The New York Times Company (NYT) has bought the wildly popular puzzler Wordle.
Josh Wardle, the creator of Wordle, agreed to sell the game for an undisclosed price around “low-seven figures,” according to NYT. Wordle will remain free “initially” for all players, though the company did not clarify for how long.
“It has been incredible to watch a game bring so much joy to so many, and I feel so grateful for the personal stories some of you have shared with me,” Wardle said on Twitter. “If you’ve followed along with the story of Wordle, you’ll know that NTY games play a big part in its original and so this step feels very natural to me.”

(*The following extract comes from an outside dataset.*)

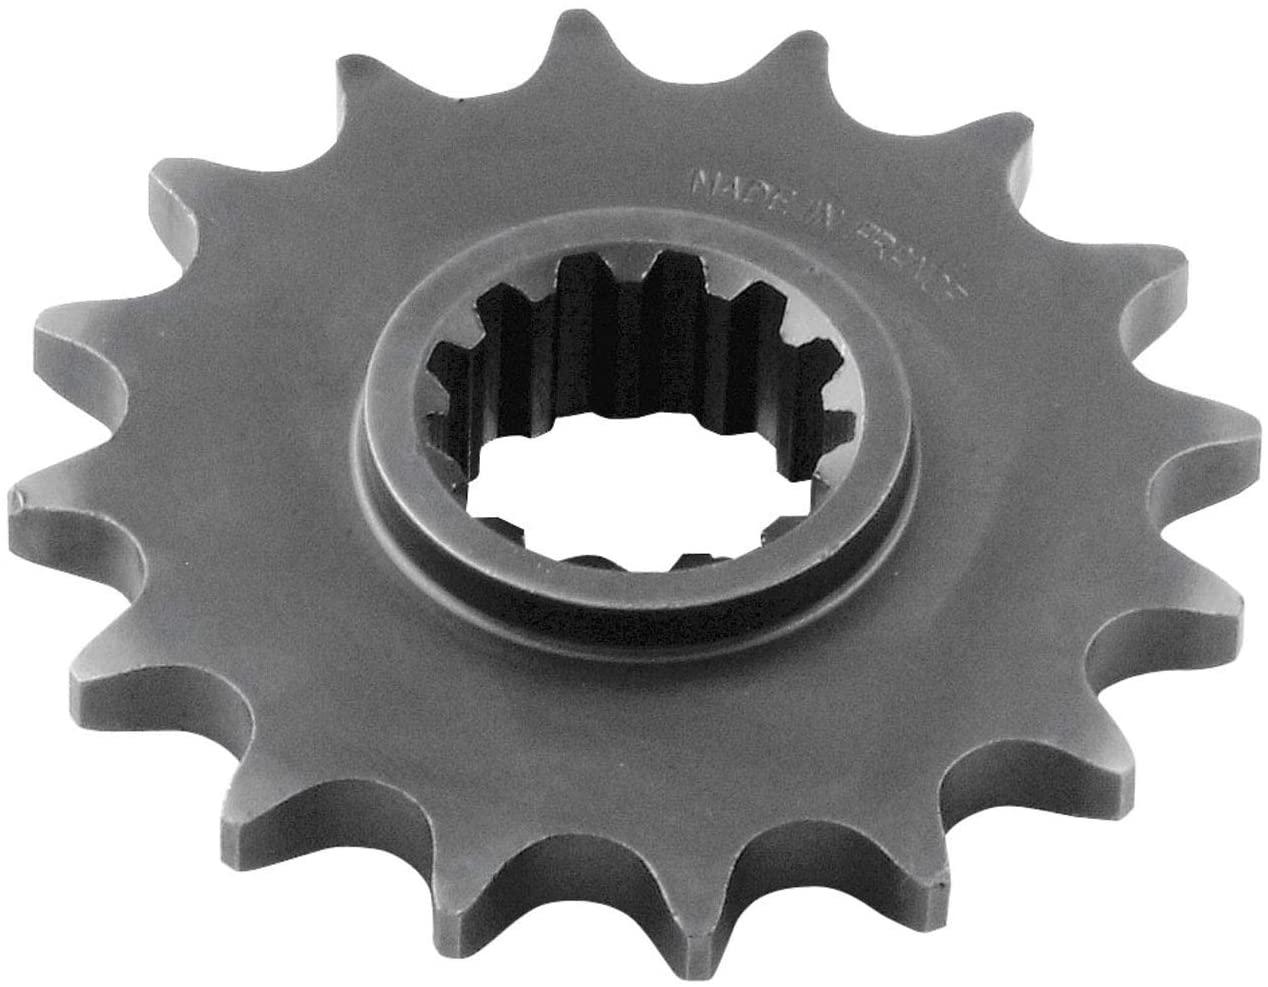 Sunstar Steel Front Sprocket - 16T , Sprocket Teeth: 16, Color: Natural, Sprocket Position: Front, Sprocket Size: 520, Material: Steel 39616

An update on Wordle pic.twitter.com/TmHd0AIRLX
— Josh Wardle (@powerlanguish) January 31, 2022
Wardle mentions that Wordle will move to NTY’s site and will be free-to-play for everyone.
Despite Wordle’s rising popularity, this wasn’t the biggest acquisition within the video game industry. Sony picked-up Destiny studio Bungie for $3.6 billion, though the company will still make multiplatform titles. Amazingly, that figure pales compared to the $12.7 billion Take-Two spent on Zynga or Microsoft’s $68.7 billion purchase of Activision Blizzard.
January was apparently the month of acquisitions if all of this is anything to go by, and it’s hard to imagine deals will get much wilder than all of this.